** EXERCISE REQUIREMENTS **
Below are the entries to work from; restate word for word the portion that opens with the line containing "Die Longing Lamp ist" and closes with the line containing "Open Banking APIs", keeping both.
DATA FOR PROCESSING section start
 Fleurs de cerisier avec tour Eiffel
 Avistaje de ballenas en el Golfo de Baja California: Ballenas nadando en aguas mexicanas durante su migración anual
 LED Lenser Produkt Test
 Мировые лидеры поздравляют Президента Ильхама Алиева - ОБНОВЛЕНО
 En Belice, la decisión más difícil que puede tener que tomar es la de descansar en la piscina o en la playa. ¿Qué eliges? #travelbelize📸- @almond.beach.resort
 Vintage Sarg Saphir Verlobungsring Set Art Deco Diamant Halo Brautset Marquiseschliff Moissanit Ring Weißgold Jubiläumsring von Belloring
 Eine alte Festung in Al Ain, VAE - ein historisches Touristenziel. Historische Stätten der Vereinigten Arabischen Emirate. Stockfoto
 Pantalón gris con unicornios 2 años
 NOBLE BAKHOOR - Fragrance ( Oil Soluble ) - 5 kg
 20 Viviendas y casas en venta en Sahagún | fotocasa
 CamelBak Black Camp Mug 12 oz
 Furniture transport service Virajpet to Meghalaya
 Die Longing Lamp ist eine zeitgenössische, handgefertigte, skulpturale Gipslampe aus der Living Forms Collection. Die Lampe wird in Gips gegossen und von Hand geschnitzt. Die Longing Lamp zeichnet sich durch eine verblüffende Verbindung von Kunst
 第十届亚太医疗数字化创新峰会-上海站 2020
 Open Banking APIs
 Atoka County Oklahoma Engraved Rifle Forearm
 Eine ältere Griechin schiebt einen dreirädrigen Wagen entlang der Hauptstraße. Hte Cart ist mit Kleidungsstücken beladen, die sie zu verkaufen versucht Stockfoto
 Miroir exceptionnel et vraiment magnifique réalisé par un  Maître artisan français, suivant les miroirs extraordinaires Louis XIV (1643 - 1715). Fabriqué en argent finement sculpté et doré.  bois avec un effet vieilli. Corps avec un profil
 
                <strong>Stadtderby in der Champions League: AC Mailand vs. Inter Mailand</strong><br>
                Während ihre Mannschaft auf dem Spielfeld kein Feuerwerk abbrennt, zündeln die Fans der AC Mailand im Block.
DATA FOR PROCESSING section end
** SOLVED EXERCISE **
 Die Longing Lamp ist eine zeitgenössische, handgefertigte, skulpturale Gipslampe aus der Living Forms Collection. Die Lampe wird in Gips gegossen und von Hand geschnitzt. Die Longing Lamp zeichnet sich durch eine verblüffende Verbindung von Kunst
 第十届亚太医疗数字化创新峰会-上海站 2020
 Open Banking APIs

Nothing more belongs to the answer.